Carpenter switched to piano, then guitar and bass, eventually playing in a cover band that specialized in frat parties. “It did a lot for me watching these drunk frat guys—wow!” he recalls. “We made money doing these, and we took a lot of pride in what we did. But it was just a cover band. We played the popular songs of the time. We did things like [Jimi Hendrix’s] 'Purple Haze’ and tried to introduce a little psychedelia to Southern Kentucky, but man, people weren’t ready for that.”
His introduction to the synthesizer came via composer Wendy (formerly Walter) Carlos’ 1968 album Switched-On Bach, an album comprising synth renditions of Bach. It won three Grammy awards and became the second-ever classical album to go platinum. Carlos would go on to score Kubrick’s A Clockwork Orange and The Shining.
Carpenter isn’t a fan of A Clockwork Orange (the film, anyway), but Switched-On Bach stuck with him. “I thought, 'Wow, what’s that sound?’ There was an organ or harpsichord feel to it. And with so many tracks, I could sound like an orchestra. Or at least an approximation of one. I don’t know. There’s just something about the sound of a synth that appeals to me. It makes me wanna dance right now!”

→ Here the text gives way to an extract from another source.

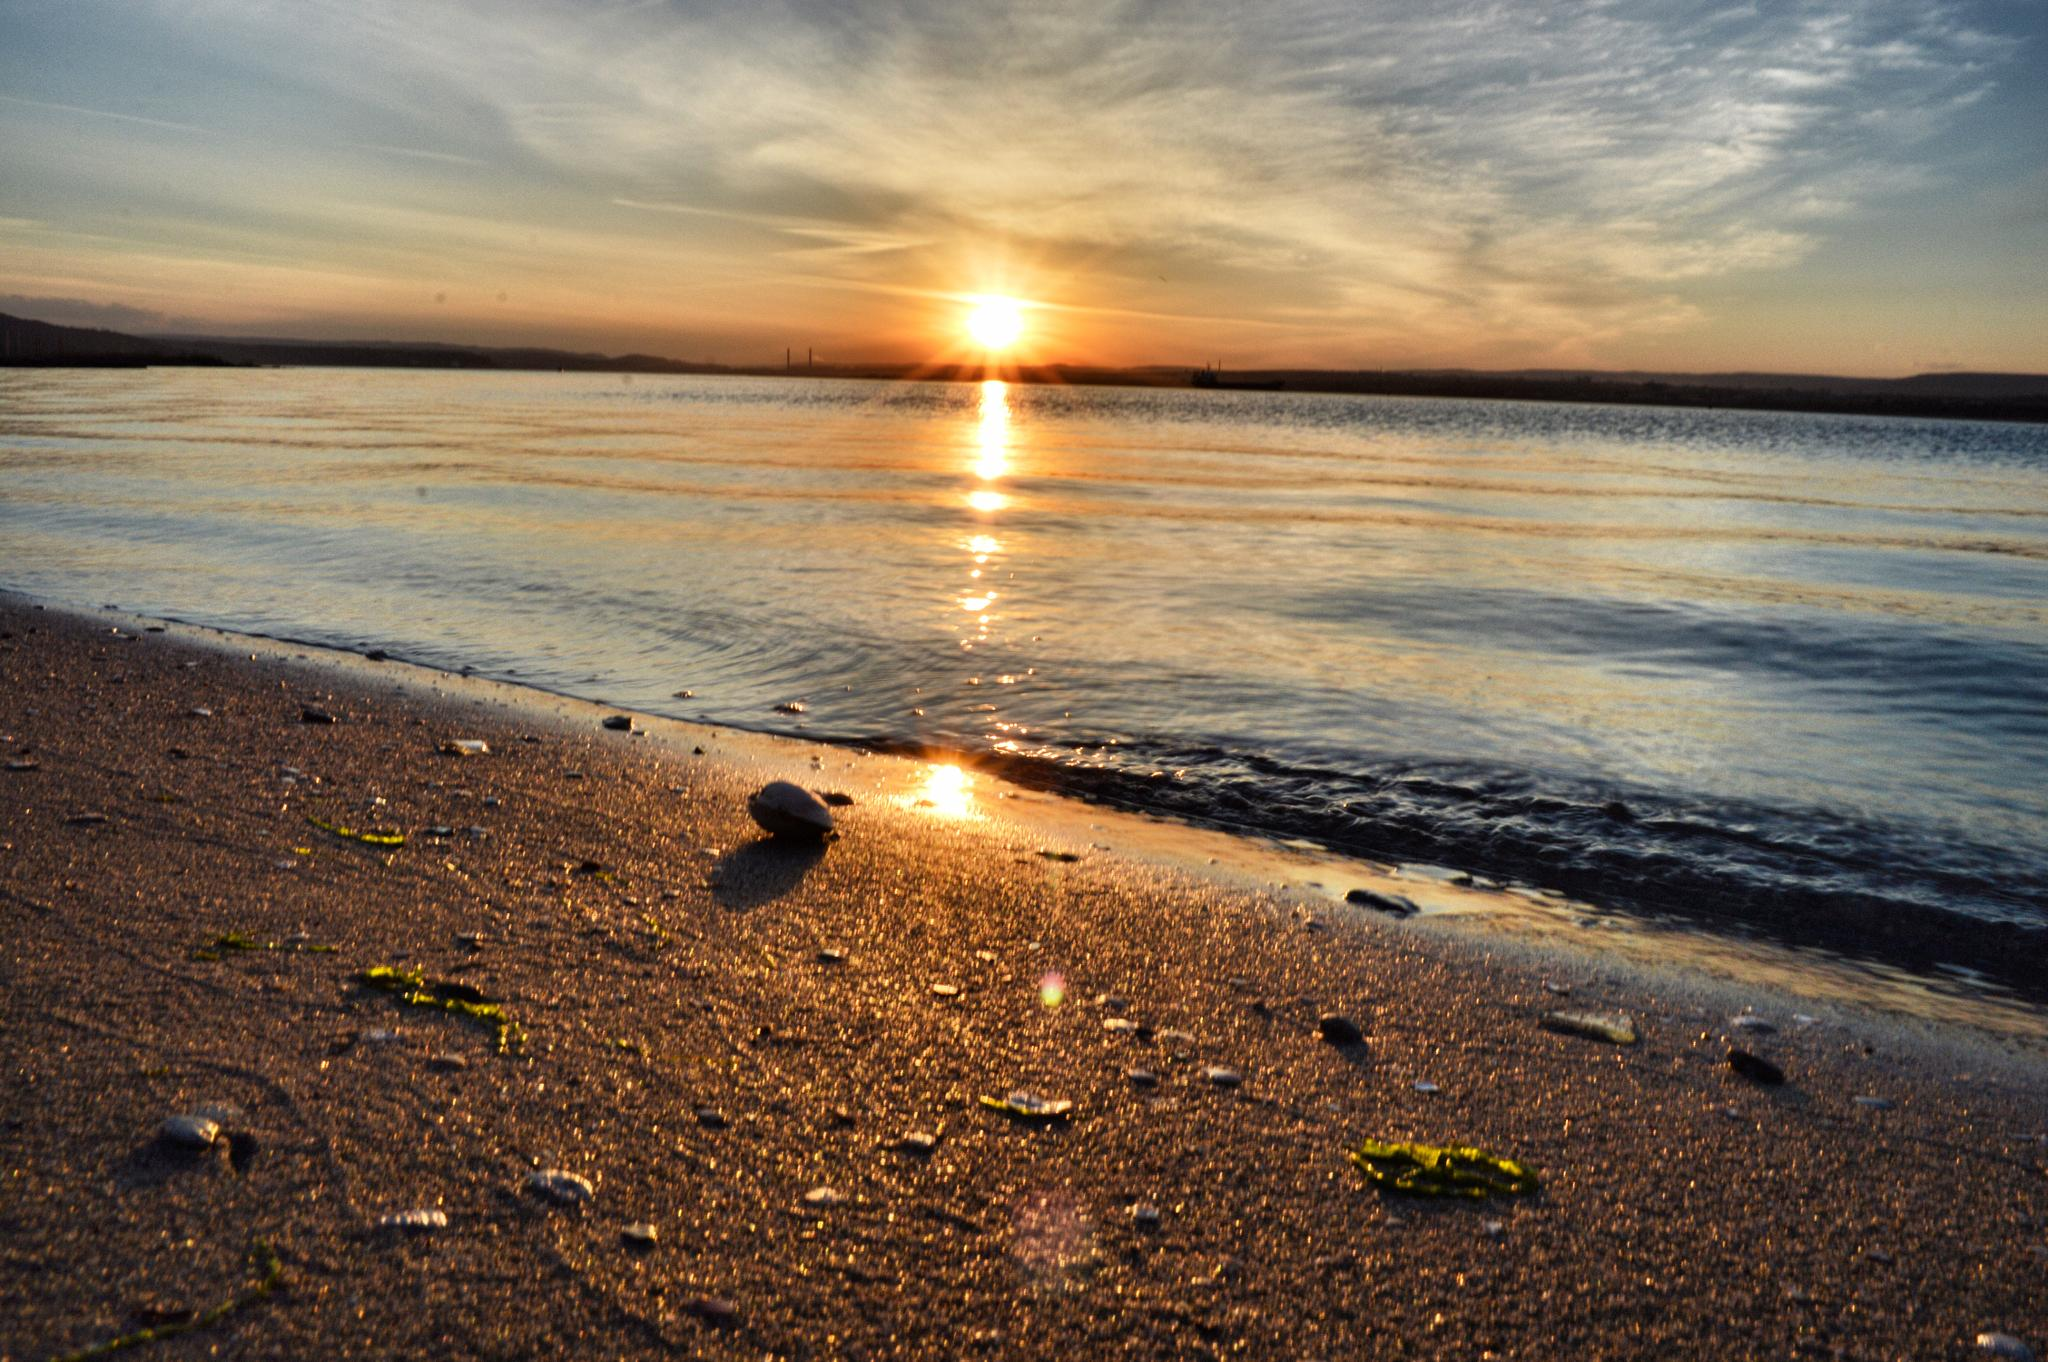 Sunset by Galq Fo-teva

As much as many of us would love to see Carpenter make another gem like Halloween or The Fog or Assault on Precinct 13, music is his main focus now. So, you know: Don’t hold your breath. “This is just a great art form,” he says. “The new stuff that Cody and Daniel and I have done, it’s a second career for me. It’s fabulous. The pressure’s less, the stress is less. The payday is a little less, but that’s okay. I get to work with my family.”